22. A useful point of reference for this accusation is Tertullian's Apology 39, where the common life of the Christian church as a charitable organization is described. The view that women are duped by Christian "beggars" is conventional in anti-Christian polemic. Celsus (Origen, Contra Celsum 1.9) had compared Christian teachers to the begging priests of Cybele.
 
23. Porphyry's criticism of the poverty ethic of the gospel is far-reaching and anticipates some of the form-critical evaluations of the sayings of Jesus advanced much later in the history of the synoptic gospels. With Celsus (cf. Contra Celsum 3.44), Porphyry regards certain sayings of Jesus to reflect attitudes arising out of the small and generally impoverished Christian communities of the empire. He finds it ludicrous that such attitudes should serve as criteria for heavenly rewards, or that Jesus should have made wealth an obstacle to salvation. However, the criticism is socially rather than philosophically framed. The Platonism of many Christian writers of the fourth century tended to support such an interpretation of the gospels, especially such passages as Matt. 19.24, Mark 10.17ff. and Luke 12.13ff., which emphasized the implicit anti-materialism of Jesus' condemnation of wealth.
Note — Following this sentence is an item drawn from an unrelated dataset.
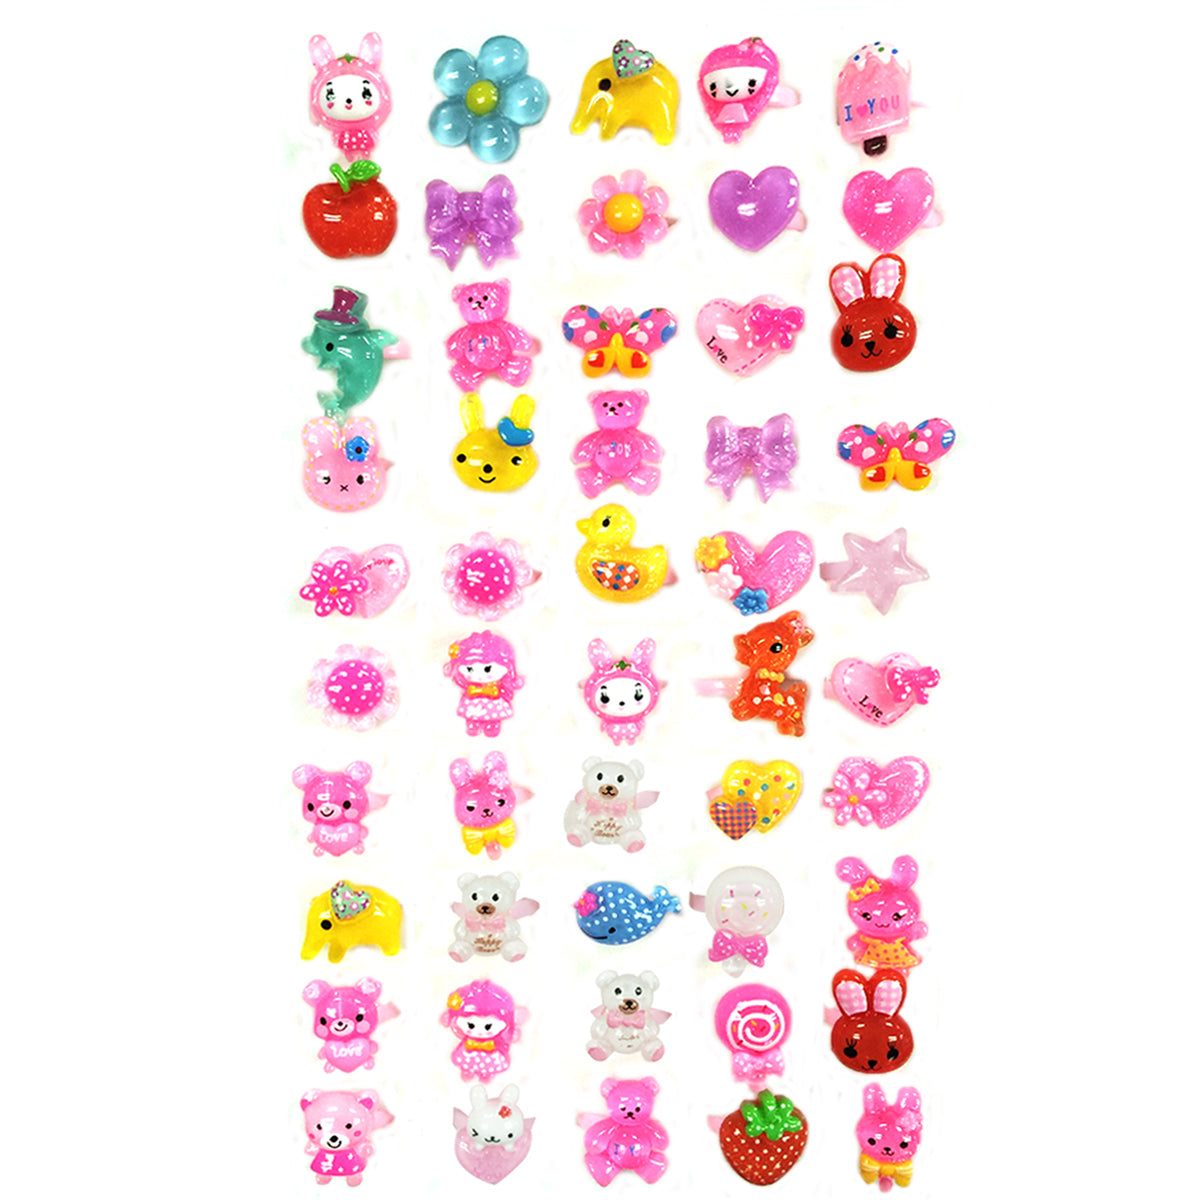 Wrapables Children's Cute Cartoon Rings Party Favor Rings (Set of 50), Random

Macarius' response should be viewed against the tendency to interpret the socially conditioned poverty ethic of the gospels in an idealistic or Platonic fashion: "The burden of wealth shows itself as a disease in mankind ... and it is by far better to shed the burden and ascend unencumbered to the heavenly ranks above," Cf. Plotinus, 4 Ennead 8.1-8; Augustine, City of God 13.16.
 
24. Apart from quibbles over nomenclature (Macarius argues that any gathering of water can go by the generic name "sea," as Mark had located the boat en meso tes thalasses), the rebuttal centers on the spiritual meaning of the episode. Against Porphyry's commonsense approach to the text, Macarius argues that the story illustrates the two natures of Christ, who first terrifies his disciples through his godhead in creating the storm, then pities them in his manhood, and finally shows his dominion over nature by causing the storm to abate: "The sea denotes the brine and gall of human existence; the night is life; the boat is the world; those who sail at night are human beings; the hostile wind is the power of the devil; and the fourth watch is the coming of the savior."